Today’s technology-driven world creates, represents, and stores data, which are information that tends to be numerical, algorithmic, and visual (Fontichiaro & Oehrli, 2016). In this era, how one observes, spends time, retrieves information, and takes actions largely represented, guided, and stored by data. For example, online news programs provide graphs and statistical findings related to sociopolitical issues. Clicking a link to web content creates an algorithm about the frequency and tendency of user behaviors. Facing the increasing significance and ubiquity of data in our lives, contemporary lives are affected by how organizations and institutions manipulate big data, including numbers, texts, images, times, and places (Gould, 2017). Data widely affect how people retrieve information and act, especially adolescent learners who are exposed to diverse representations of data from online news to social media. Data literacy is an array of abilities to pose questions about data, use tools and representations for data, extract relevant information, and evaluate claims made in various contexts. The fast development and increased demands in information technology from the 2000s have drawn people’s attention to the concept of data literacy and its many variants (Tedre et al., 2020). Some researchers consider it as an area within digital literacies (Hockly, 2020), but data literacy is targeted to understanding formalized numerical, algorithmic, and visual representation of facts or ideas, not overall digital skills navigating online modes. Although data literacy is one of the most essential knowledge, skills, and abilities (KSAs) emphasized across disciplines and sectors in college and career (van ‘t Hooft et al., 2012; English & Watson, 2018), few students in the U.S. are ready to navigate their future by developing the ability to comprehend and use data.

Data literacy is essential for all students because it allows them to study real-life problems and develop solutions based on evidence. Students learn how to identify factors and contexts surrounding data and apply data to specific purposes and situations. These abilities can empower students to dissect messages and intentions behind data and their sources before utilizing information. As teens, they encounter streams of data containing information and numbers, which include deep fakes in multimodal forms. Students equipped with data literacy can evaluate the validity and unbiasedness of data and their sources before using information (Philip et al., 2016; Carmi et al., 2020). Even if a student does not work for the data industry in the future, data literacy is an important skill to make sense of what information influences their lives. With data literacy, students are prepared to navigate social worlds as the future generation of our society, applying data literacy to their work and life in the 21st Century (Leu et al., 2013). For citizens in the 21st Century, data literacy is crucial than before to maximize the benefits of information technology and minimize its harm (Ridgway, 2019). Different types of data are currently created and manipulated. Accordingly, deepfakes can be created and disseminated to anyone who uses digital media. Adolescent learners are exposed to social media platforms such as Facebook, YouTube, and TikTok, which mainly employ visual images and videos.

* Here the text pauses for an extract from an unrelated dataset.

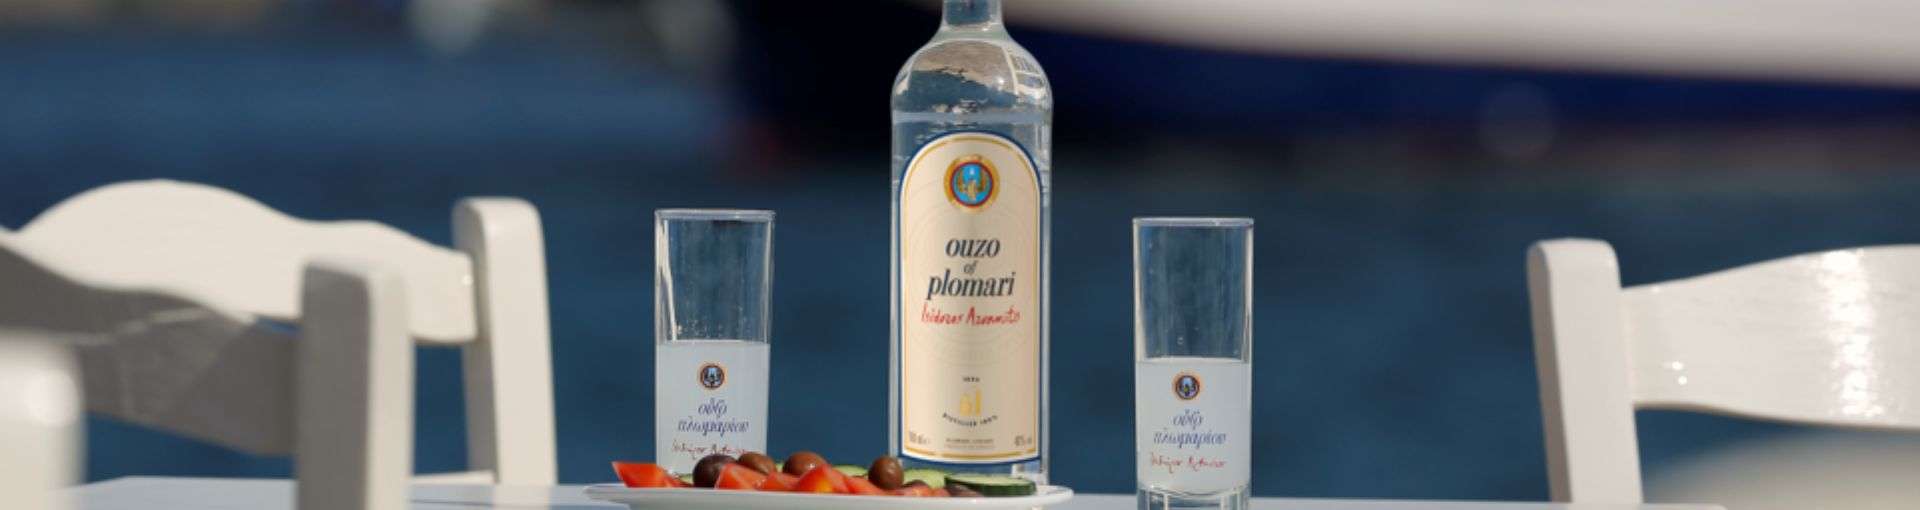 Ouzo of Plomari Flasche in der Mitte des Bildes, links und rechts daneben ein Glas für Ouzo und davor ein Teller mit Tomate, Oliven und Gurkenscheiben, alles steht auf einem Tisch mit weißen Sesseln darum und im Hintergrund das Meer mit einem blauen Boot

Users in these environments are susceptible to deepfakes if they do not have the awareness and tools to recognize them. (Fazio, 2020; Turton & Martin, 2020).

Key Terms in this Chapter

Fairness: The degree of how the interpretation or use of an assessment is not affected by characteristics of test-takers that are irrelevant to the construct.

Validation: The process of gathering the evidence to support the arguments that the test score interpretation or use is valid (i.e., collecting validity evidence) ( Haladyna, 2006 ).

Reliability: The degree of consistency of the test scores when its parallel forms are tested on different occasions and scored by different raters (i.e., measurement precision).

Knowledge, Skills, and Abilities (KSAs): Bodies of information, proficiencies, and capacity that one needs to have to perform a job or task.

Dis-Information: False information that is intentionally created to harm a person, social group, or country.

Validity: The degree of how an assessment measures what it intends to measure.

Competency: A cluster of KSAs that are closely related to each other and induce effective performance for a given task.

Deepfakes: An image synthesis technique based on artificial intelligence used to combine manipulated images and videos onto original images or videos, of which outcomes are fake images and videos where persons perform an action or speech that never occurred.

Construct: A latent variable that cannot be directly observed or measured (i.e., factor).

Language Minority Students (LMSs): Students who speak everyday languages (e.g., at home or community) other than the dominant language (English in the U.S.).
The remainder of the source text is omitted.